If you write traditional C like:

BINDING(cellA) = BINDING(cellB);

Regardless of what the BINDING() macro expands to, there's no way to do any sort of validation in any build (debug or otherwise). Whatever this becomes can only be a simple assignment.

But if you instead wrote:

Tweak_Binding(cellA, Binding_Of(cellB));

Then even if the intent is just a simple assignment in a release build, you could define that in a checked build to something that runs arbitrary code :

#if NO_RUNTIME_CHECKS
    #define Tweak_Binding(dest,src) \ 
        (dest)->extra.binding = (src)->extra.binding
#else
    #define Tweak_Binding(dest,src) \
        Tweak_Binding_With_Added_Checks((dest), (src))
#endif

But if you're willing to confine your extra checks to C++ builds, you can leave the source looking like BINDING(cellA) = BINDING(cellB)

This is because C++ has operator overloading, and you can create a wrapper class which "does the right thing", e.g. notices whether a BINDING(...) is used as a left hand side operator or right side operator.

Just Because I Can, Does That Mean I Should?
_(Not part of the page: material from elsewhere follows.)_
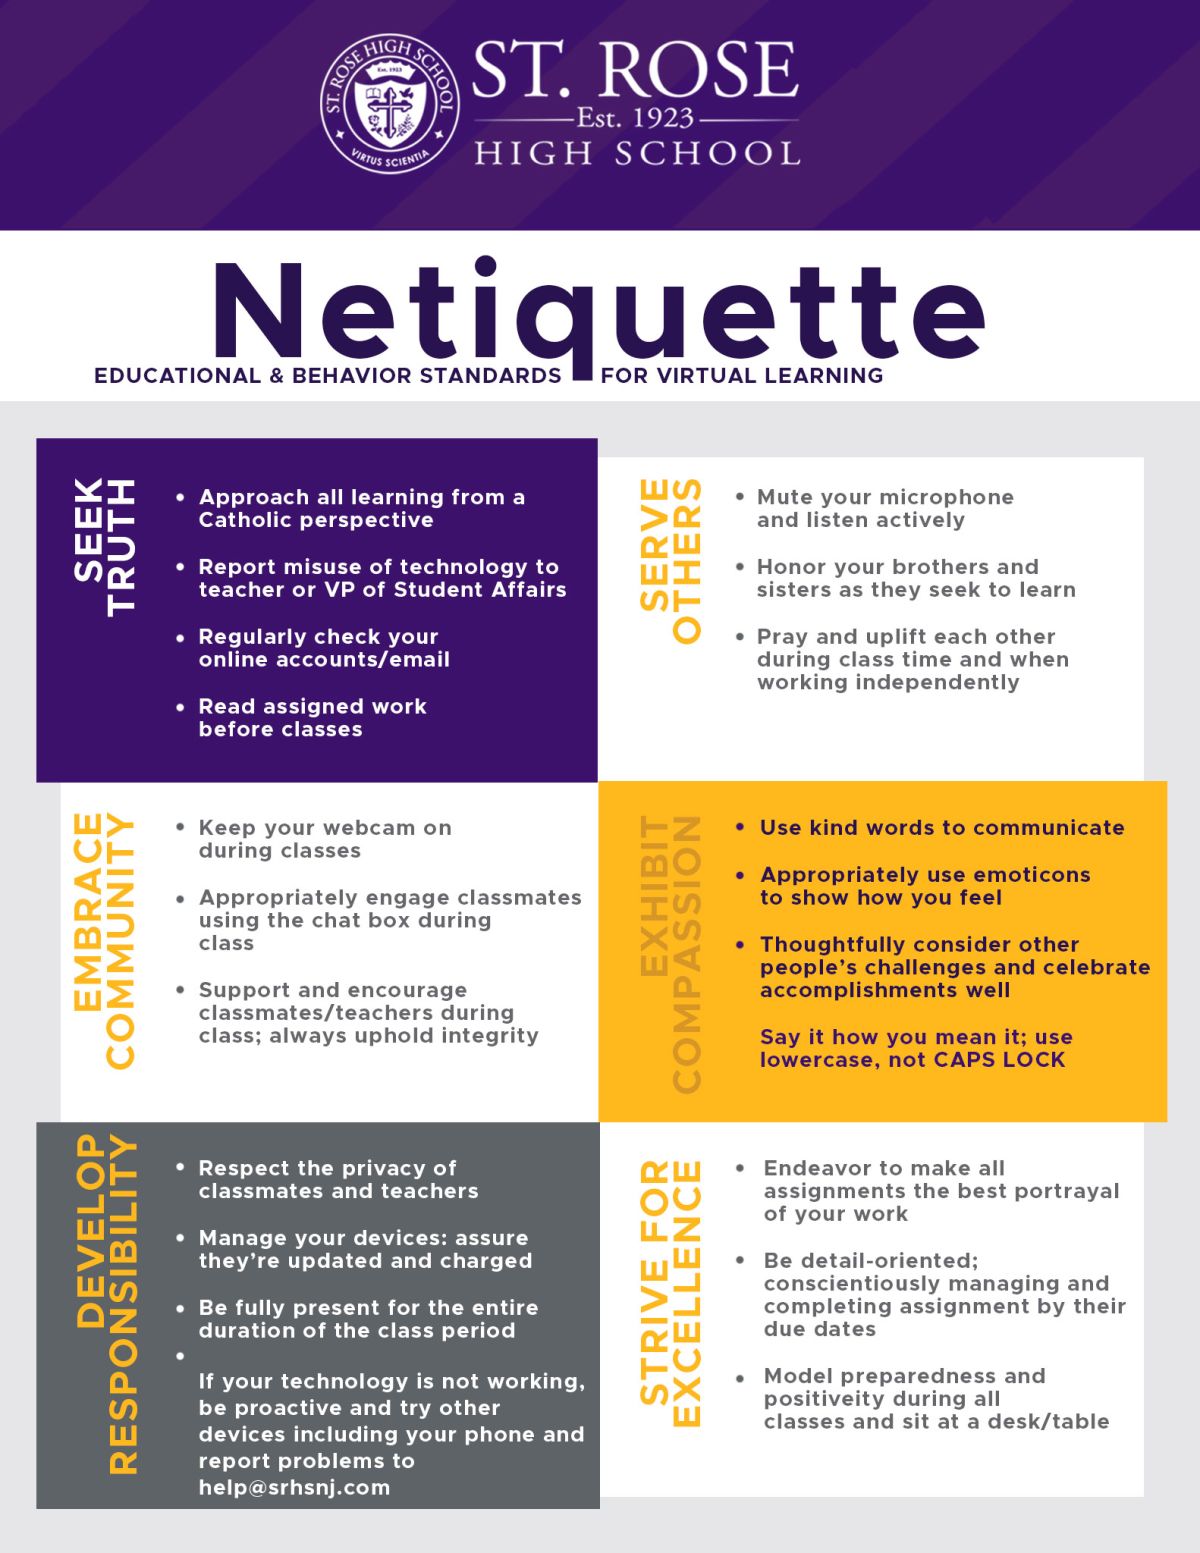 netiquette stands for

Most of my original rationale was that I didn't want the source to make it look like you were making a function call when you were not.

When you see something like Tweak_Binding(...) you don't know how many instructions that's going to be, or what side effects its going to have. But when you see a plain assignment (that you know compiles in C to something quite simple), then that tells you not much is going on.
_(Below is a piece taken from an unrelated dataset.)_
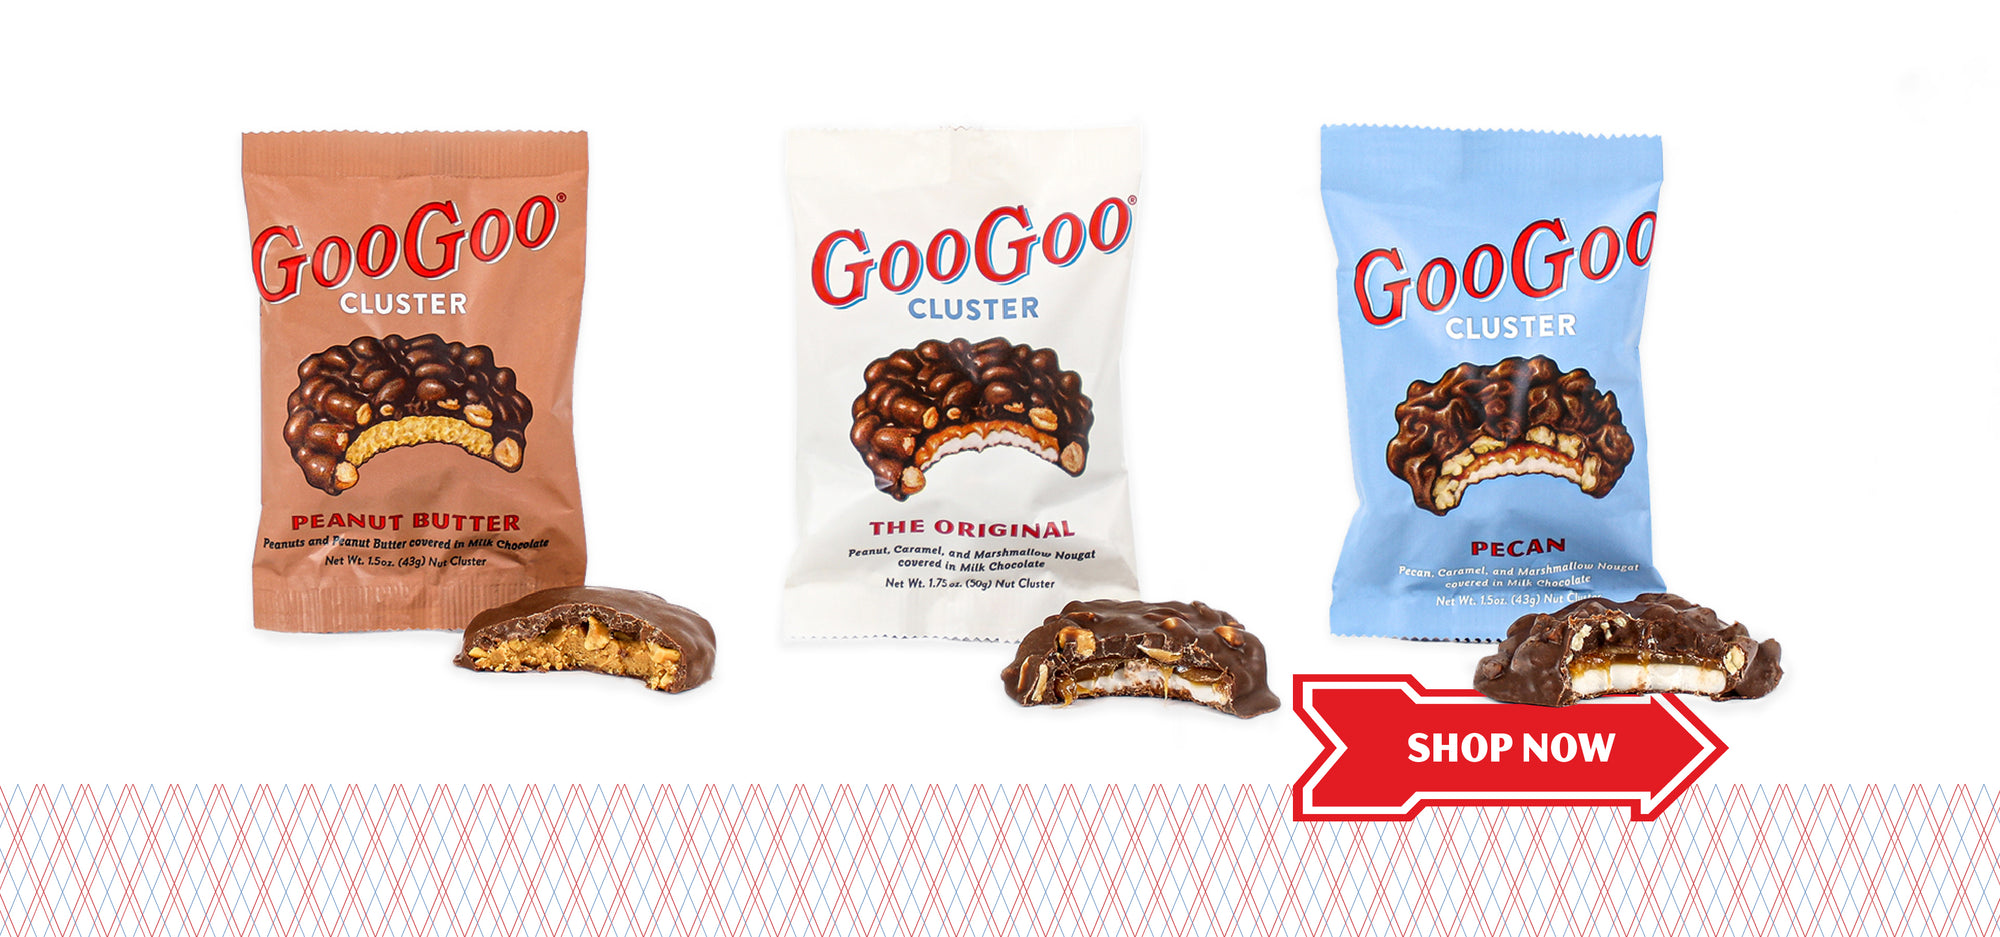 Buy Goo Goo Cluster Supreme Chocolate, 1.5 Ounce Online at

However...I specifically came up with the term "Tweak" as a convention for functions like this that do very little. It's a pretty good name, and it's learnable to say "oh, if it says Tweak, that means it's as cheap as an assignment".
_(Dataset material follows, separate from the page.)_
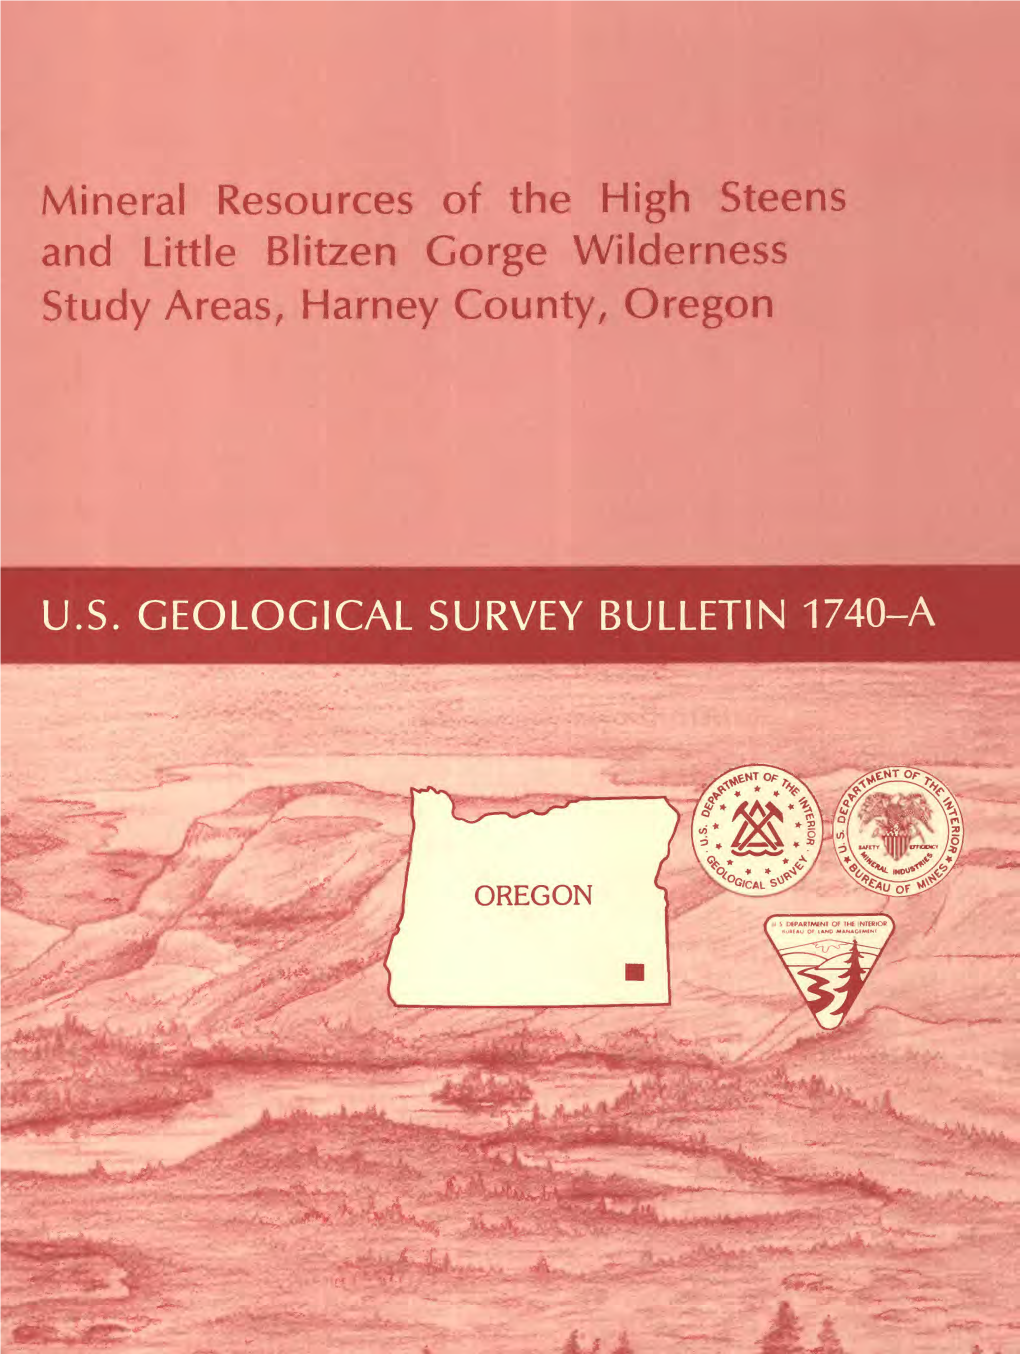 Mineral Resources of the High Steens and Little Blitzen Gorge Wilderness Study Areas, Harney County, Oregon
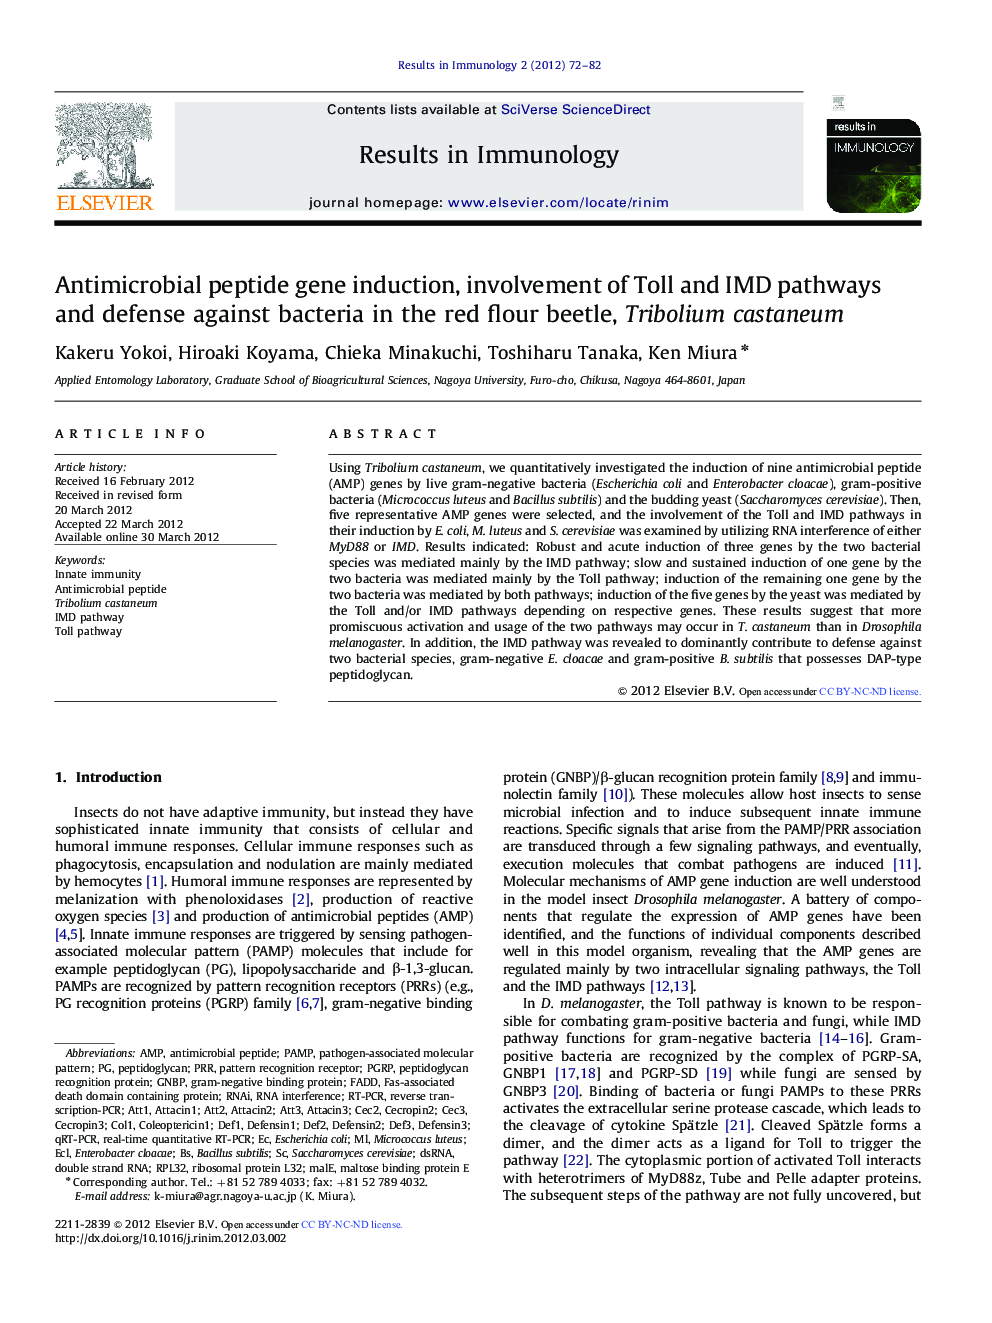 Antimicrobial peptide gene induction, involvement of Toll and IMD pathways and defense against bacteria in the red flour beetle, Tribolium castaneum

Here are some of the points to consider:

  1. Because things like BINDING() are doing weird magic allowing them to be on the left side of assignments, by convention I believe they must be in all caps. This is kind of noisy.

    • On the plus side, it can be brief, with the same term used for extracting and for tweaking. Since datatypes use the leading-caps with no underscore convention, plain Binding() looks like a parameterized datatype, so it would have to be Binding_Of() for the extractor
  2. Using C++ magic to get the RUNTIME_CHECKS means the C build won't have assertion-parity with the C build. Bugs that only happen in the C build (perhaps on platforms that only offer C) would thus be harder to find.

  3. The C++ operator overloading is going to be over the heads of those reading the code who only know C.

  4. In debug builds, the C++ compilers do not inline the operator overloading, constructors, etc. that are involved in making the weird objects that are behind the scenes making the trick work. That means using the C++ debugger to step into an expression like BINDING(cellA) = BINDING(cellB) takes an annoying number of step-in and step-out operations.

Here's The "Scary" Implementation

It really isn't rocket science, but it is something. And it's something that can't be compiled by plain C compilers, meaning you can't do DEBUG_CHECK_BINDING in C builds.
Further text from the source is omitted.